Once the line with "Adoptable pony #11 [CLOSED]" is found, repeat it and all later lines exactly through the end of the listing below, with the pictures left out.

## Dataset excerpt
»»

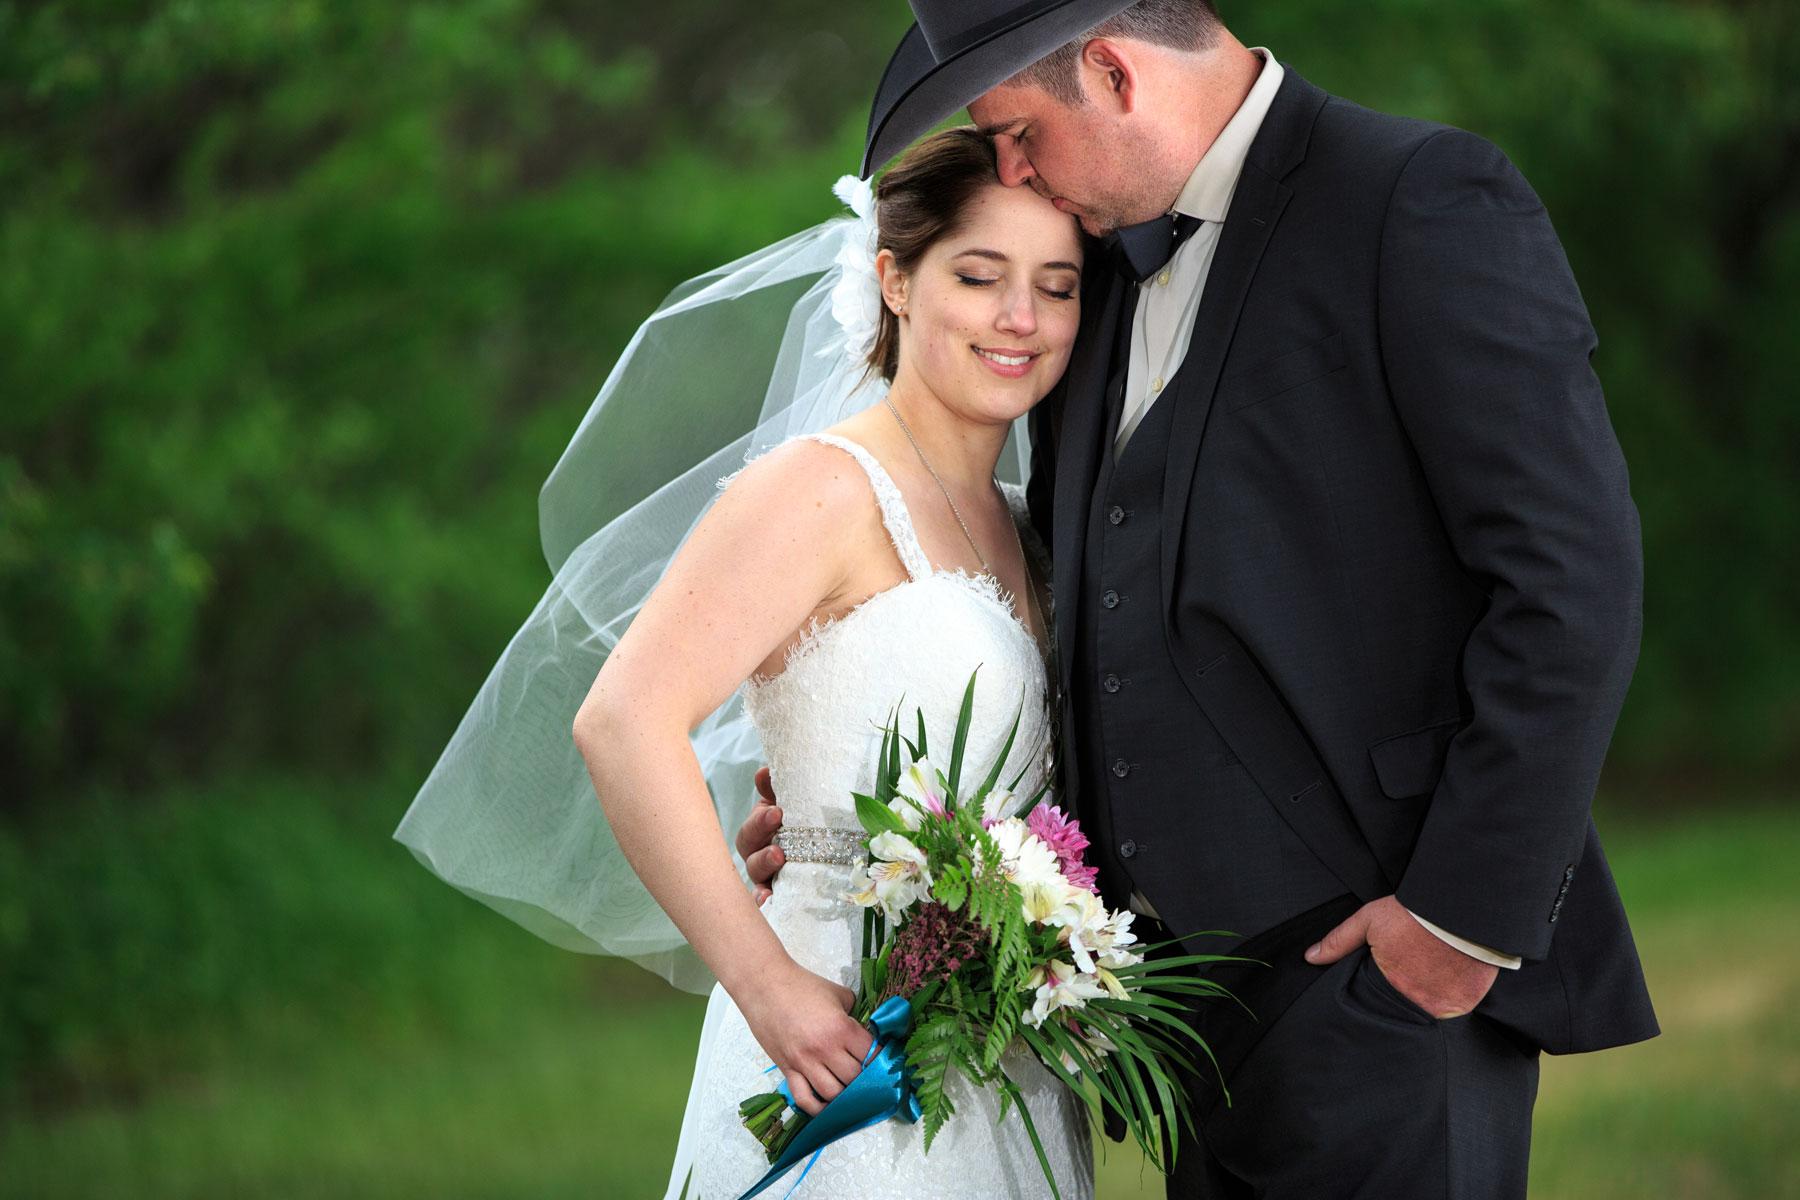 Angela & Patrick - Lacombe, Alberta Wedding Photography - Olson Studios (21)
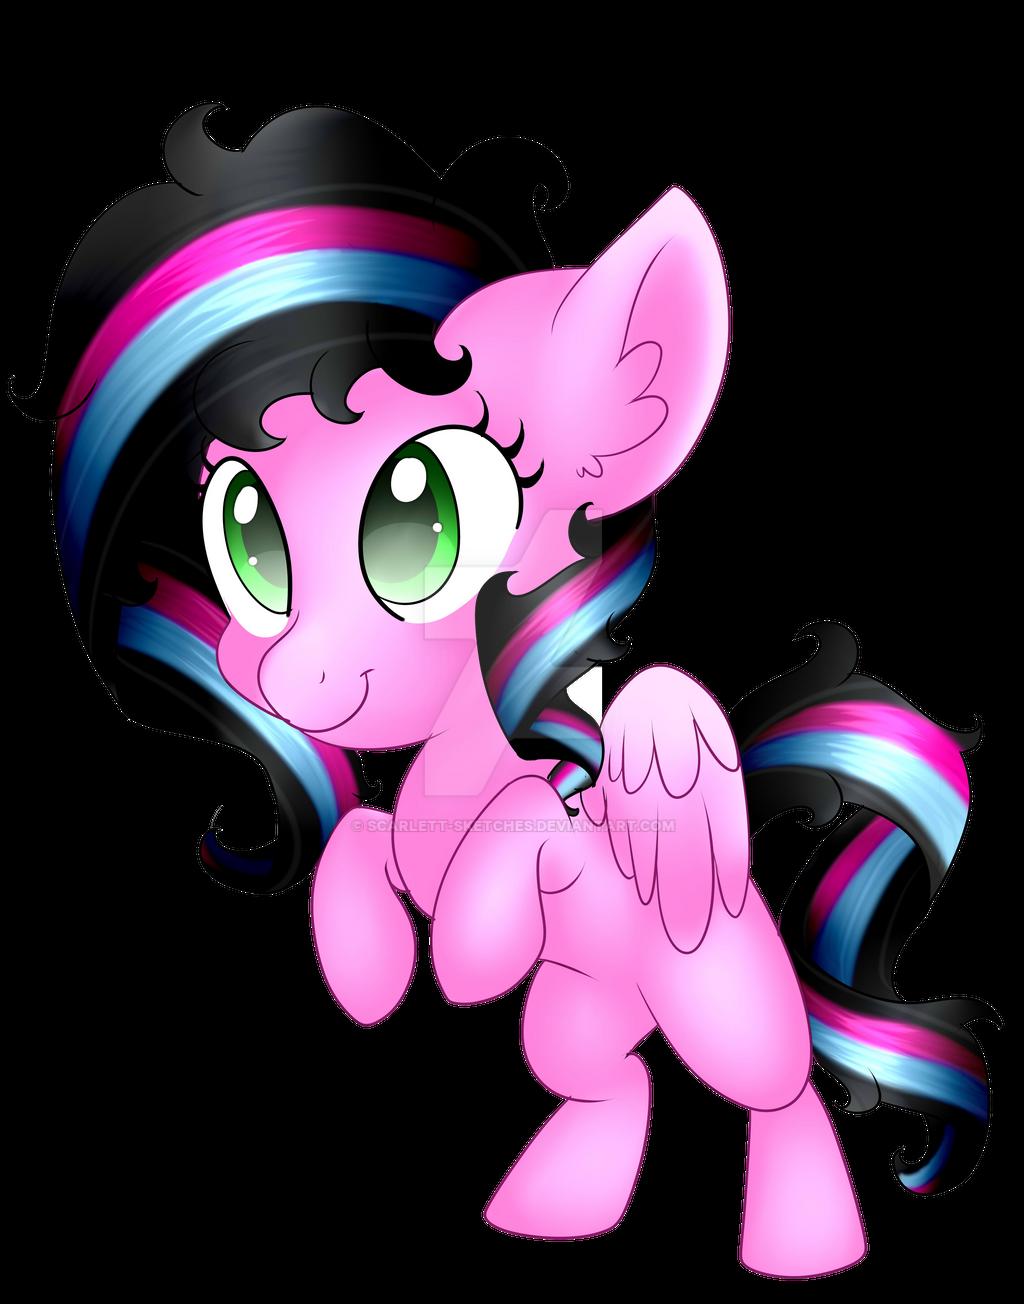 Adoptable pony #11 [CLOSED]
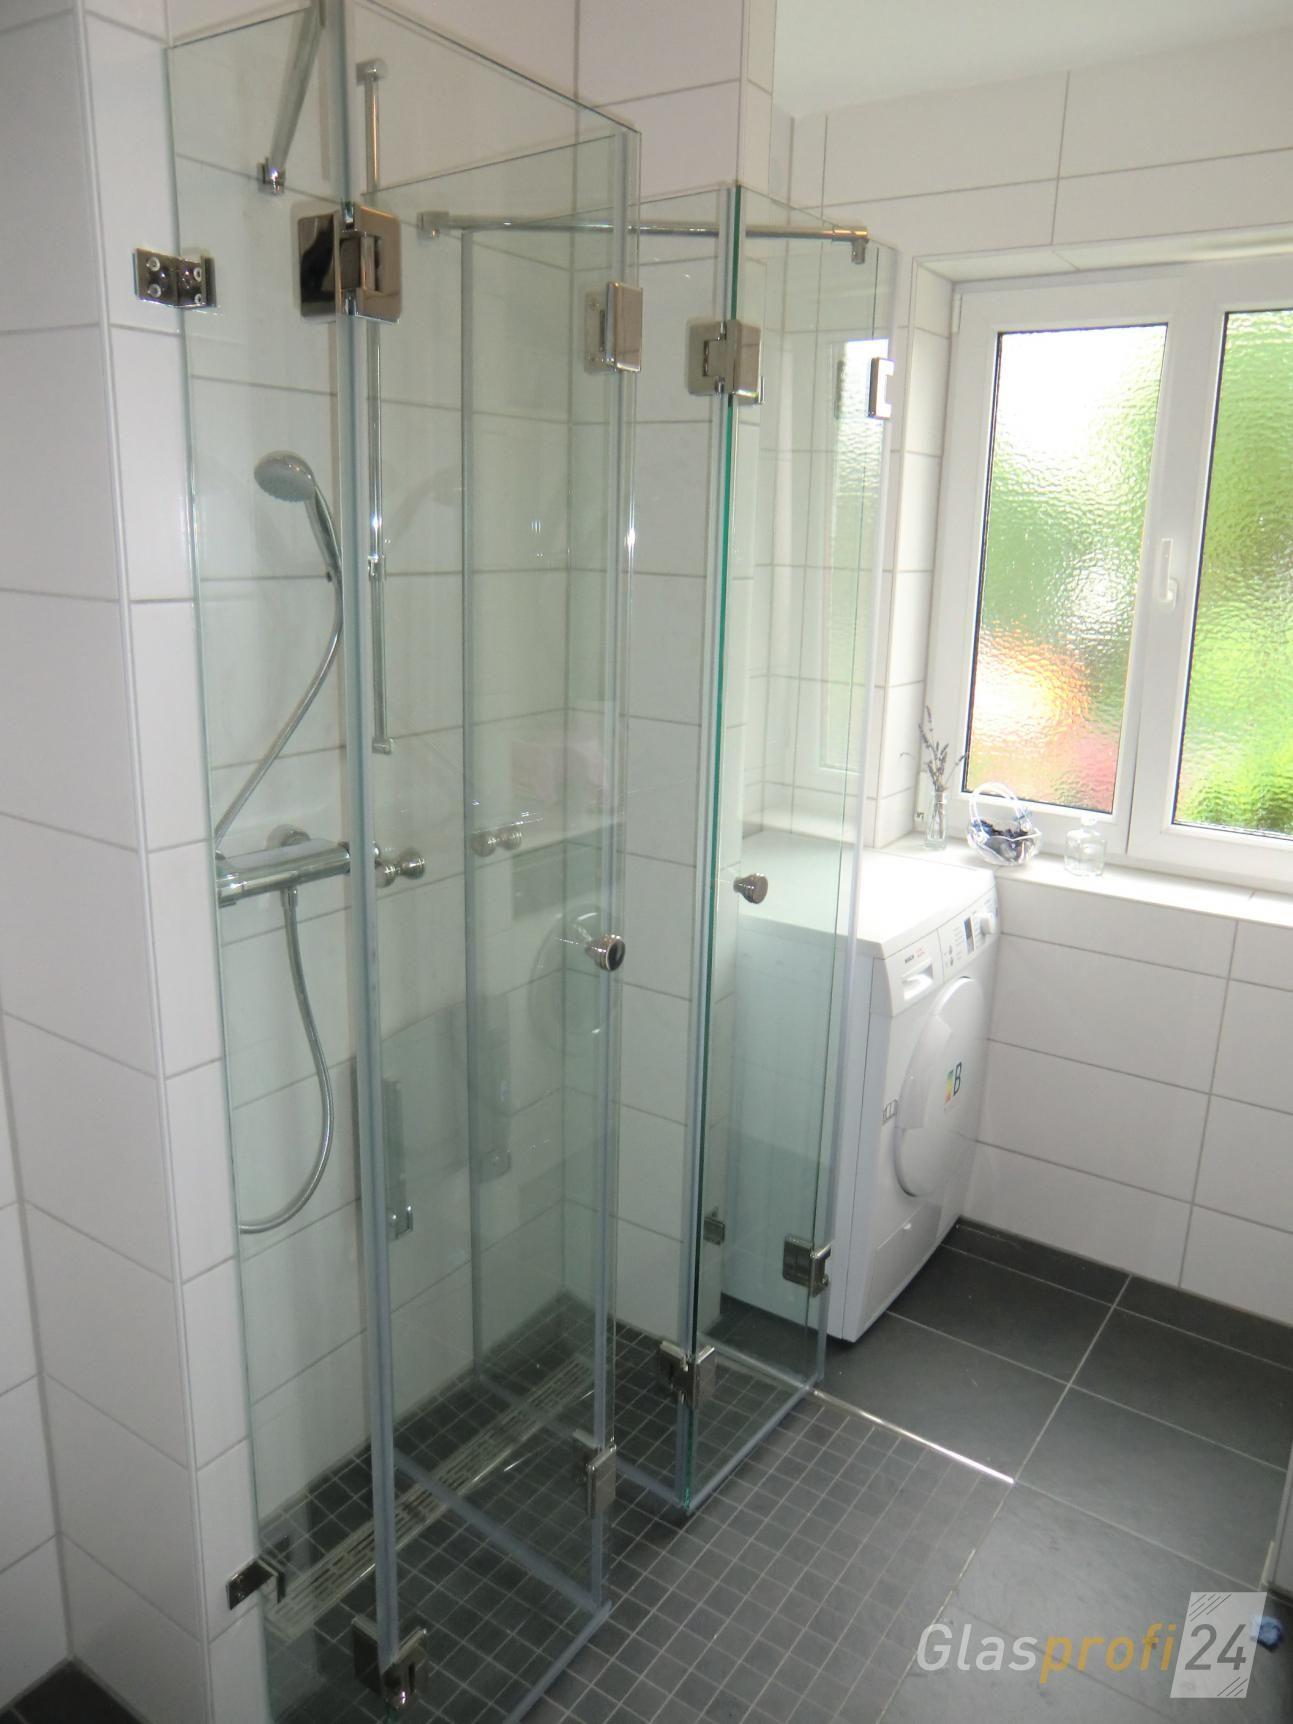 Faltbare Duschkabine aus Glas GLASPROFI24 Duschkabine
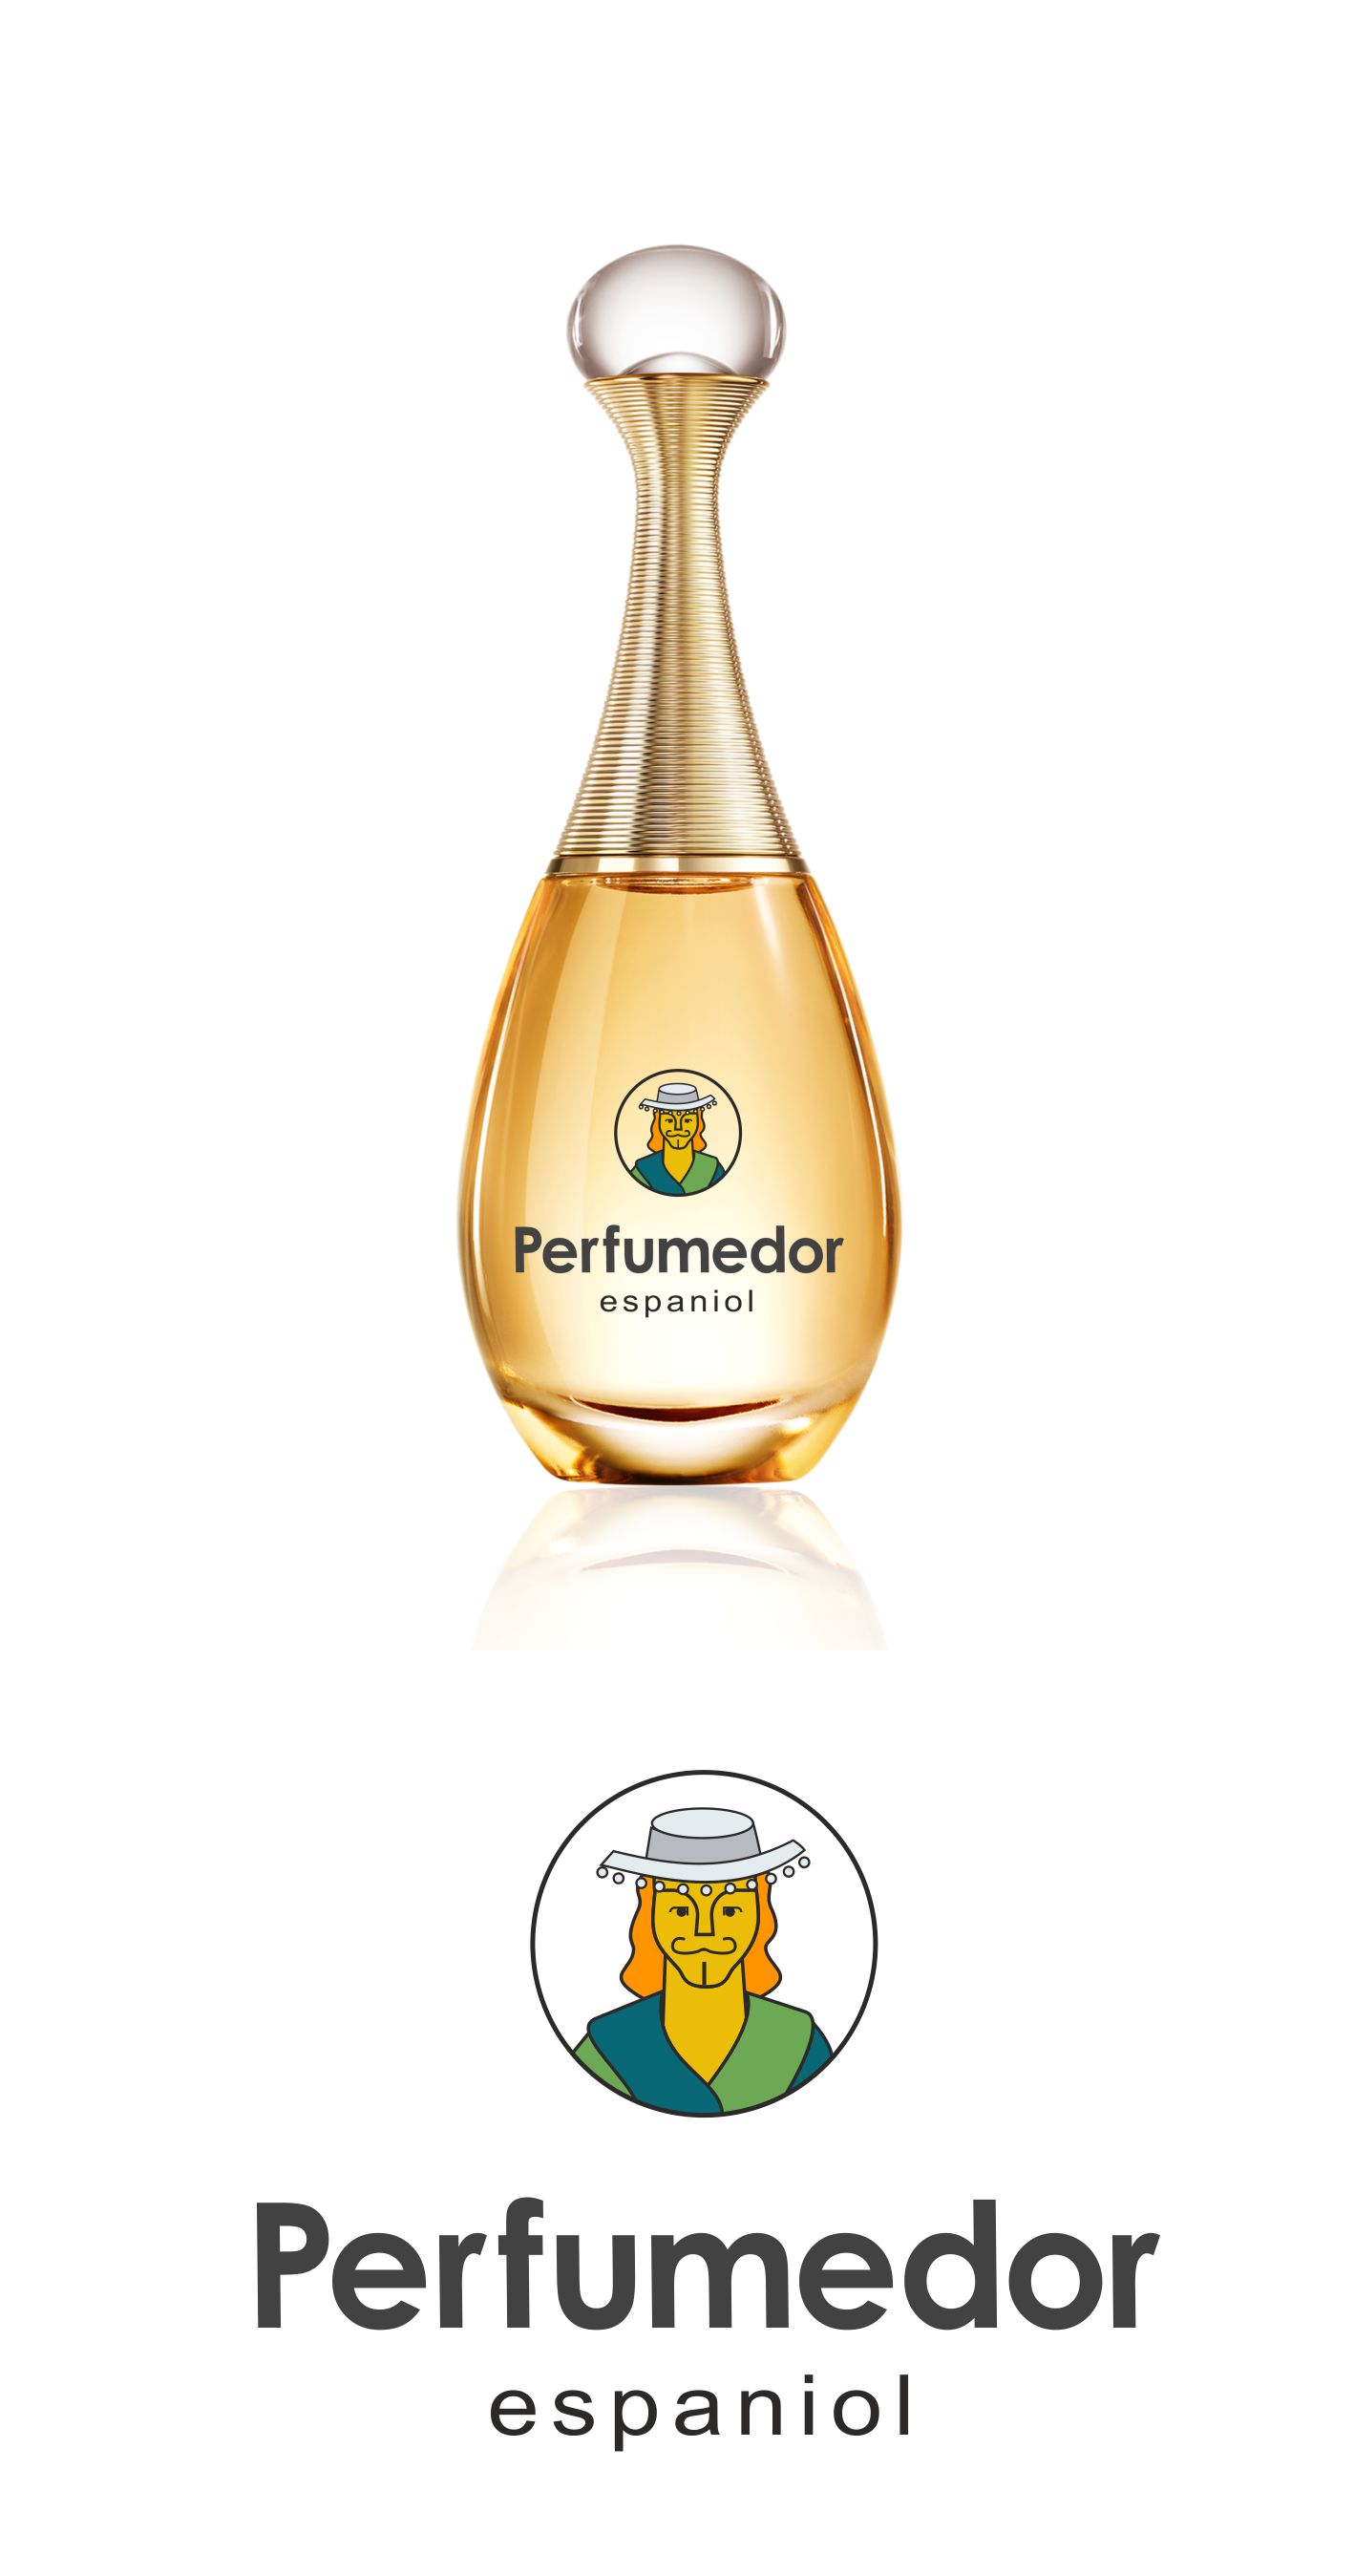 Логотип для интернет-магазина парфюмерии фото f_8665b4764ec69bfb.jpg

««

## Exercise response
 Adoptable pony #11 [CLOSED]
 Faltbare Duschkabine aus Glas GLASPROFI24 Duschkabine
 Логотип для интернет-магазина парфюмерии фото f_8665b4764ec69bfb.jpg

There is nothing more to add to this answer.